With regard to this question and this question, where I ask how to download thousands of PDF
and processes them to extract their texts with OCR
, I am hitting a brick wall again when it comes to enhancing the text outputs.
I am interested to extract texts of a bunch of PDF
in order to search for surnames in the text (I do not need necessarily to be able to read the rest of the text). The PDF
represent old newspaper articles, published between 1810 and 1832 and written in German Fraktur. This font seems to be particularly challenging for tesseract
.
Q: How can I further improve the image quality for tesseract
to - at least - have a change to find the surnames in the text? Which procedure would you suggest?
If we take this pdf as an example, I receive the following image when applying
convert -colorspace GRAY -resize 3000x -units PixelsPerInch example.pdf example-page.jpg
If I now use tesseract
with
tesseract --tessdata-dir /usr/local/share/tessdata/ -l deu_frak example-page.jpg example-page.txt
it would perform terrible on that image with roughly 360 diacritics detected only. My text output is entirely scrambled.
When I use Fred's ImageMagick script textcleaner, applying either
textcleaner -g -e stretch -f 25 -o 10 -u -s 1 -T -p 10
or
textcleaner -g -e stretch -f 25 -o 20 -t 30 -u -s 1 -T -p 20
I get something like this
When I then run again tesseract
with the above mentioned command, the resulting text is much better (around 700-800 diacritics detected) but still scrambled enough not to find most surnames of the text.
I know that the example page is a particular hard one, however, even pages, which are not inky prints and not skewed to begin with, yield mostly scrambled outputs and undecipherable surnames when processing them with tesseract
and the above command.
For example this page
Q: How can I further improve the image quality for tesseract
to - at least - have a change to find the surnames in the text? Which procedure would you suggest?

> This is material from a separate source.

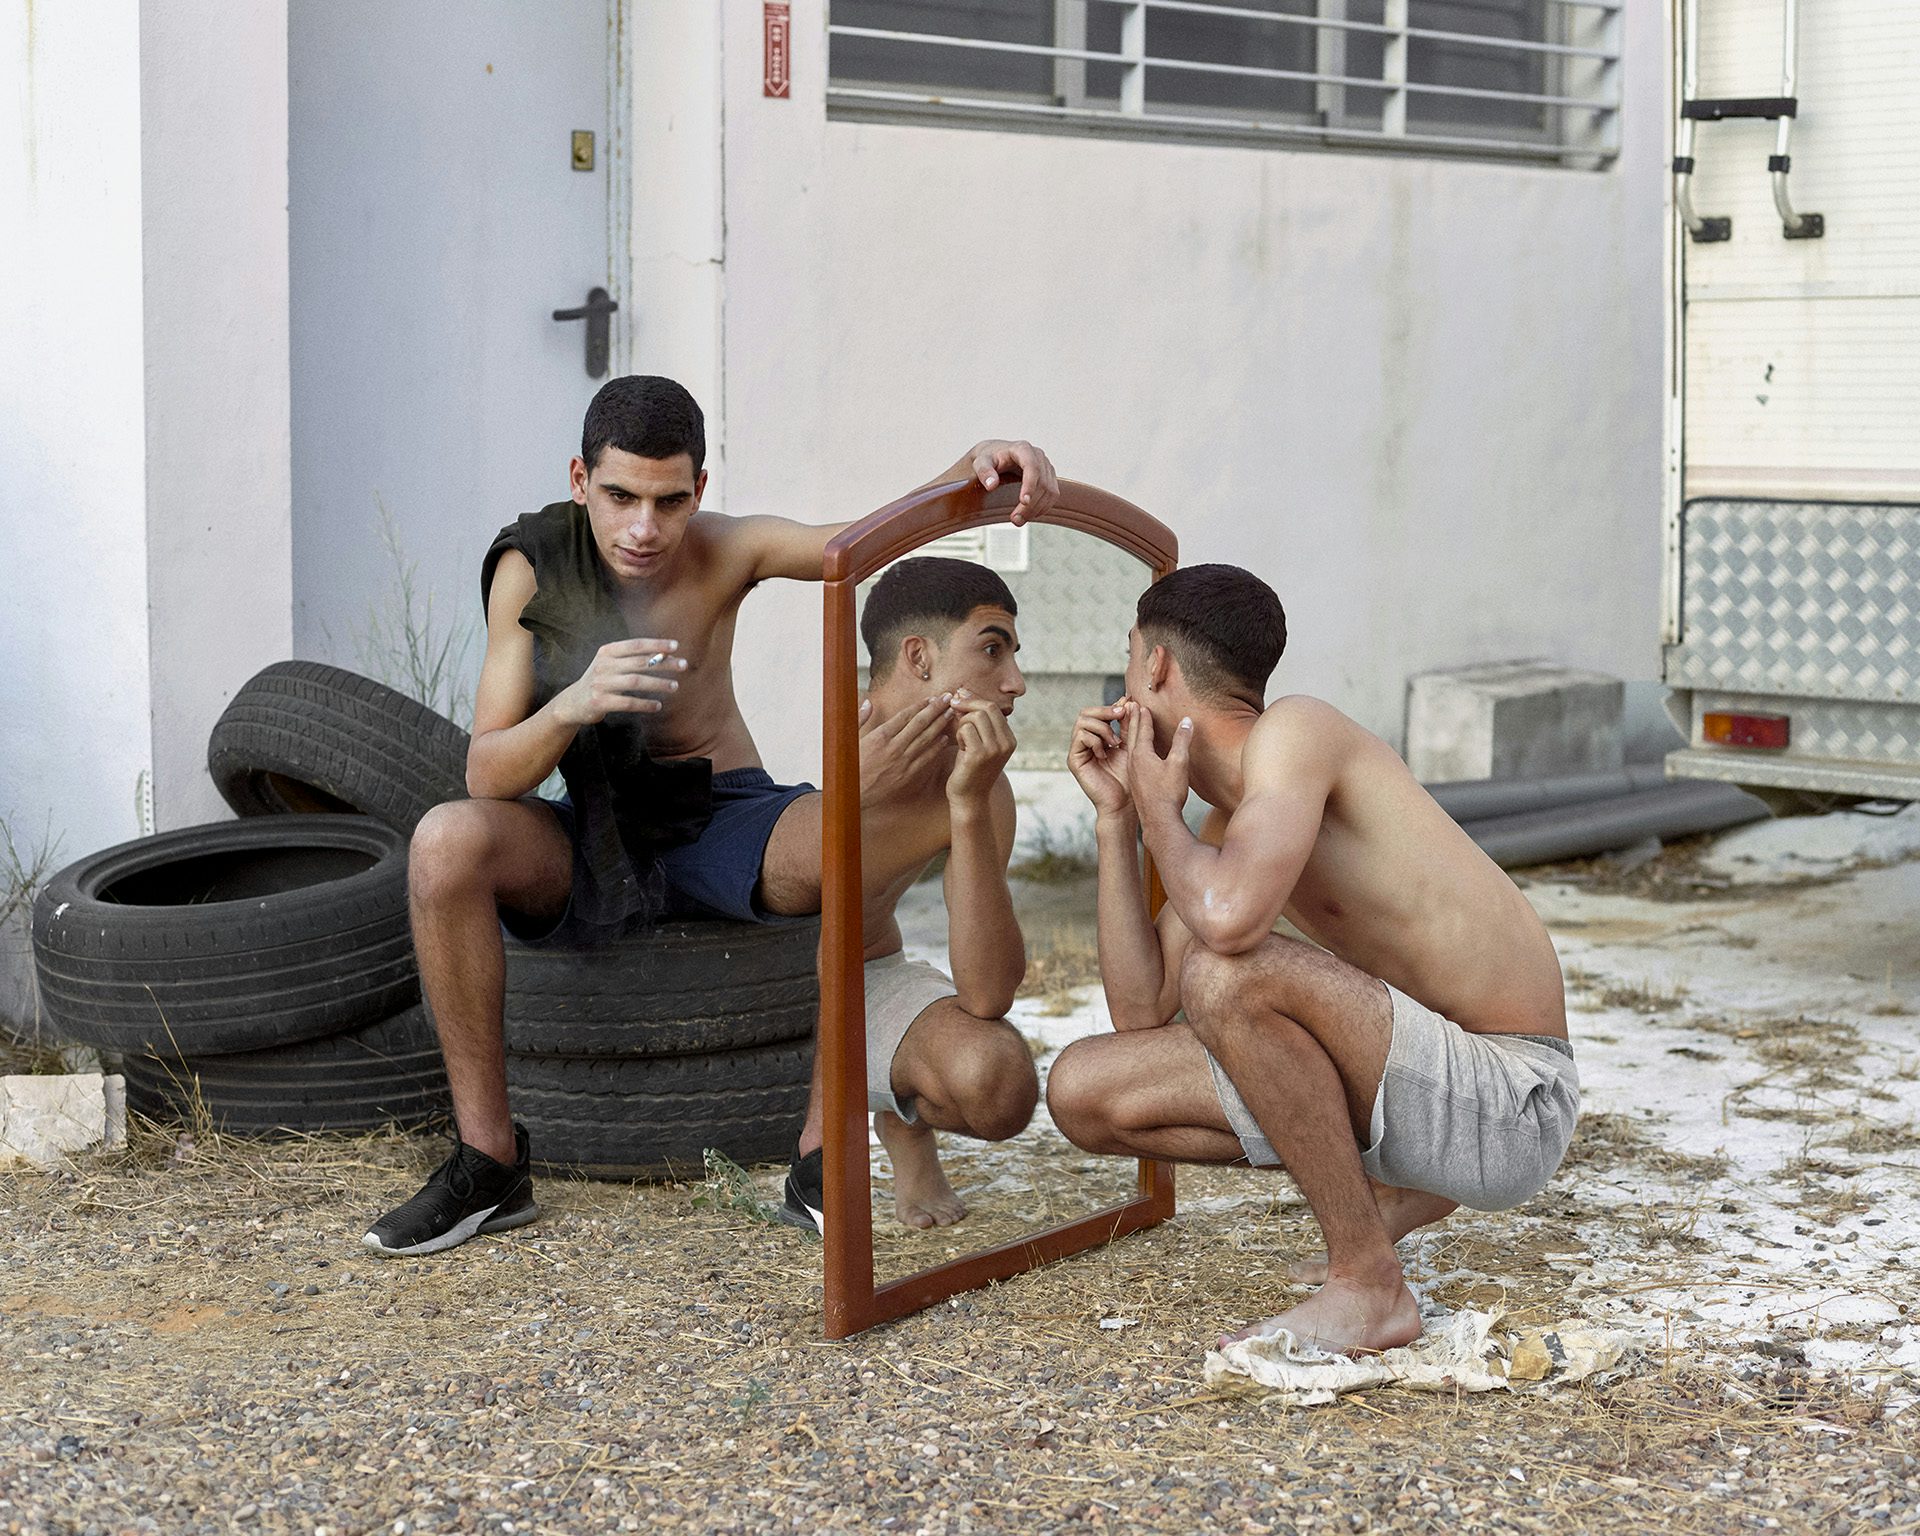 Photograph of a young person sat on a pile of car tyres smoking a cigarette and looking at the camera, holding a mirror that another young person wearing grey shorts is looking into, their reflection visible. The image is taken from Dialect by Felipe Romero Beltran

Edit: I do not know, whether training tesseract is needed or a good idea to deal with the given German Fraktur font, as GUI box editor seems to work reliably on MacOS, see for example, jTessBoxEditor, Qt-box-editor, or Tesseract-Box-Editor, nor did I understand how to train tesseract, see the tesseract training wiki here and another tutorial here.
My father had a similar problem with his old newspaper clippings, and I had moderately good success by preprocessing with GhostScript and then applying Tesseract. Your mileage may vary. My commands (Windows) were
set nm=%1
set d=%2
"C:\Program Files\gs\gs9.21\bin\gswin32.exe" -dSAFER -dBATCH -dNOPAUSE -sDEVICE=pgmraw -r150 -dTextAlphaBits=4 -sOutputFile="%nm%-%%00d.pgm" %nm%.pdf
echo. 2>"%nm%.txt"
for %%f in (%nm%*.pgm) do (
echo %%~nf
"C:\Program Files\Tesseract-OCR\tesseract.exe" "%%~nf.pgm" "%%~nf"
cat "%%~nf.txt" >> "%nm%.txt"
del "%%~nf.pgm"
del "%%~nf.txt"
)
"C:\Program Files\Microsoft Office\Office11\winword.exe" "%nm%.txt"
EDIT: response to comment
First, install ghostscript on your mac. See https://wiki.scribus.net/canvas/Installation_and_Configuration_of_Ghostscript#Installing_Ghostscript_on_Mac_OS_X
Then do
gs -dSAFER -dBATCH -dNOPAUSE -sDEVICE=pgmraw -r150 -dTextAlphaBits=4 -sOutputFile='paper-%00d.pgm' paper.pdf
This will create rasterized files paper-01.pgm, paper-02.pgm etc (this is in case your pdf has multiple pages). You can replace the "paper" with the basename of your original pdf. You can also mess with the resolution. That and other things can be found at https://ghostscript.com/doc/9.19/Use.htm
Then use tesseract on each pgm file.